Work item: Every line below is to be copied exactly, with the pictures left out.

Input data:
══════════
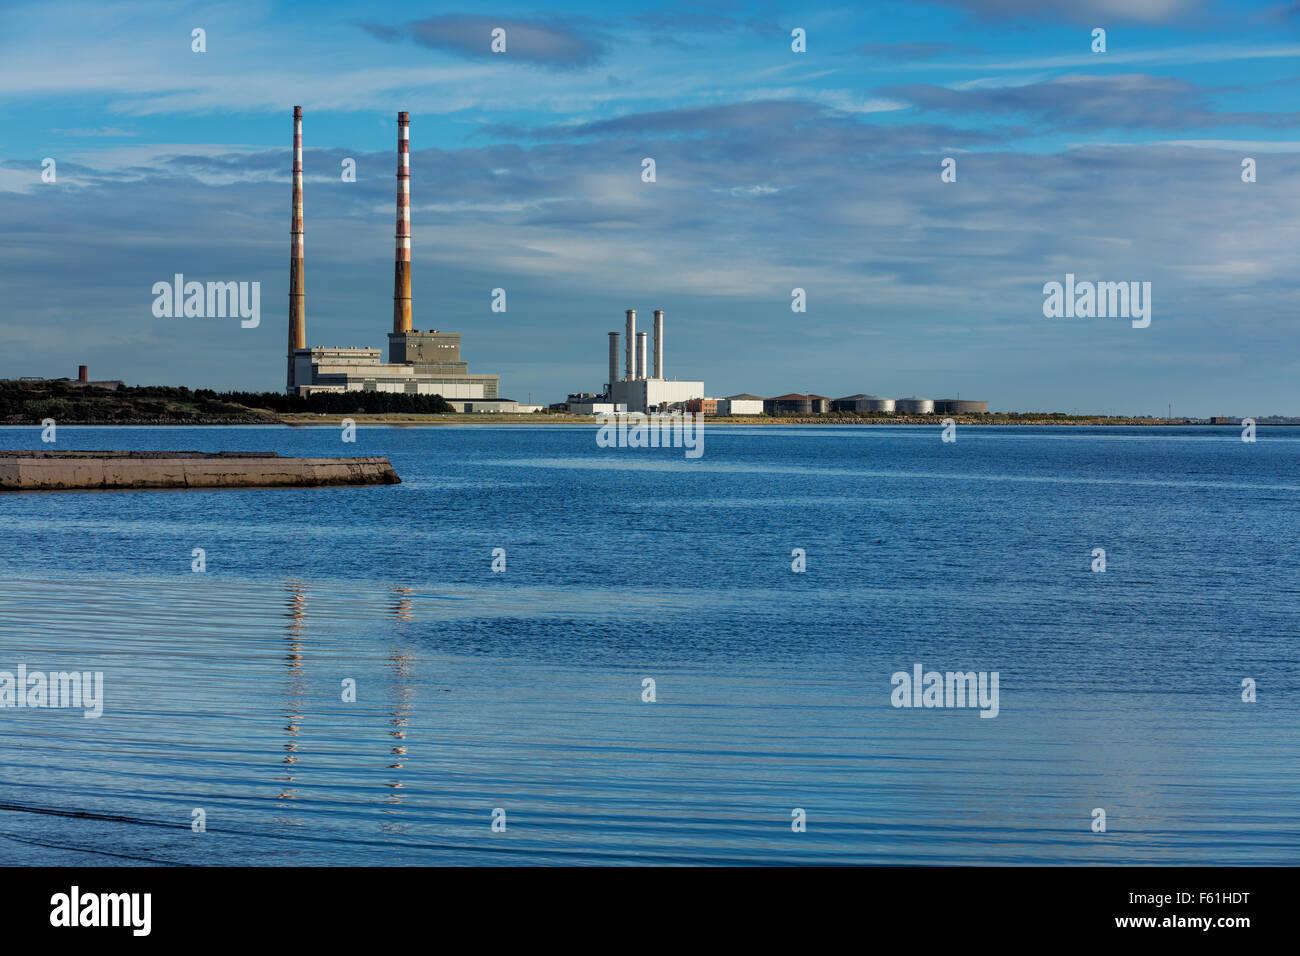 Ringsend Poolbeg chimeneas de la zona de Dublín, Irlanda, visto desde la ZPE de Sandymount Beach Foto de stock
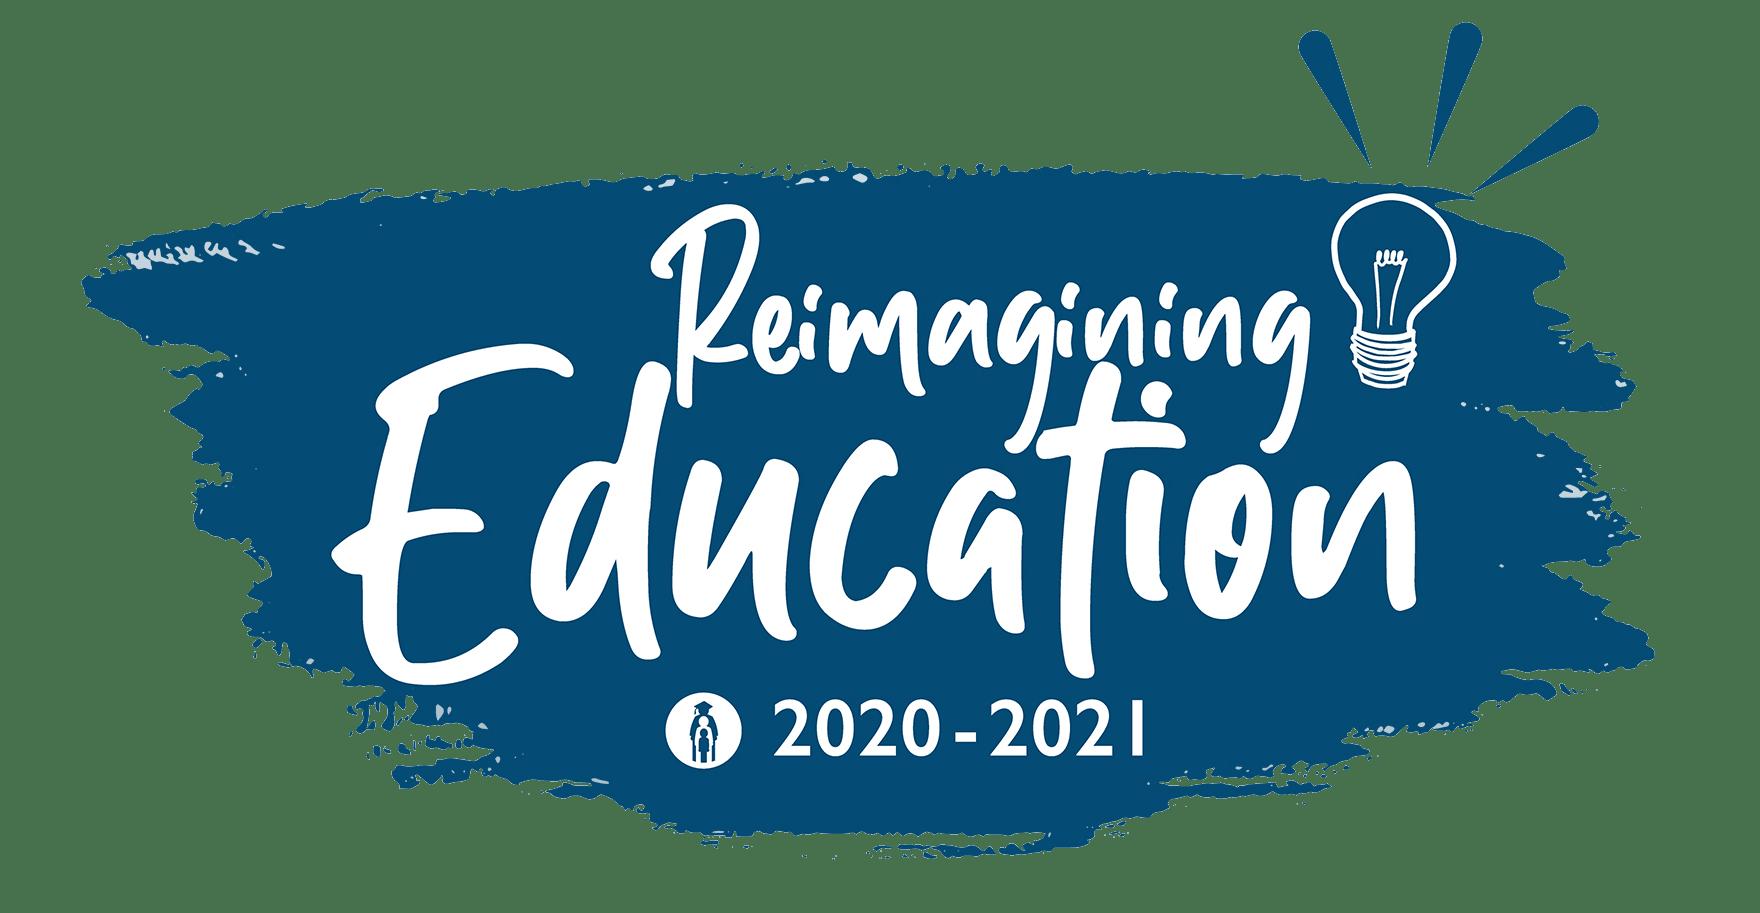 Reimagining Education
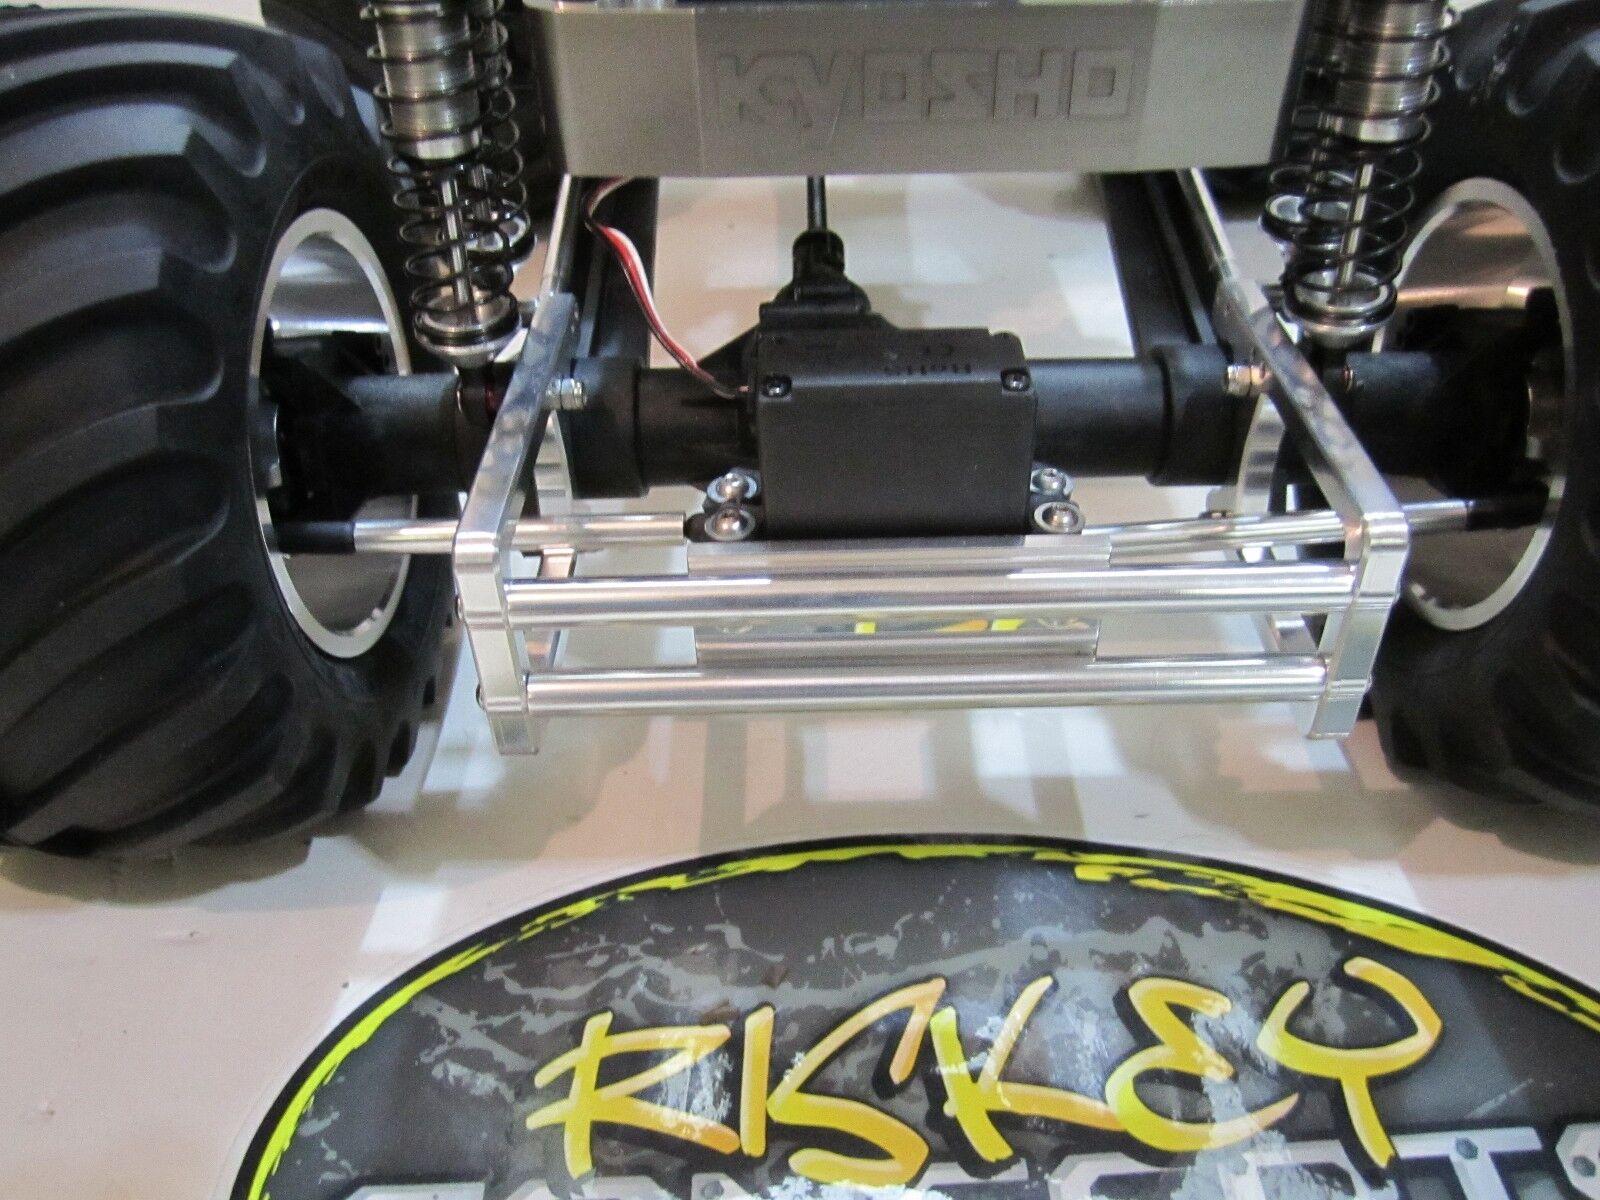 El parachoques de eje kyosho Mad Force, con el cambio de rumbo al hardware riskey.
══════════
Response:
 Ringsend Poolbeg chimeneas de la zona de Dublín, Irlanda, visto desde la ZPE de Sandymount Beach Foto de stock
 Reimagining Education
 El parachoques de eje kyosho Mad Force, con el cambio de rumbo al hardware riskey.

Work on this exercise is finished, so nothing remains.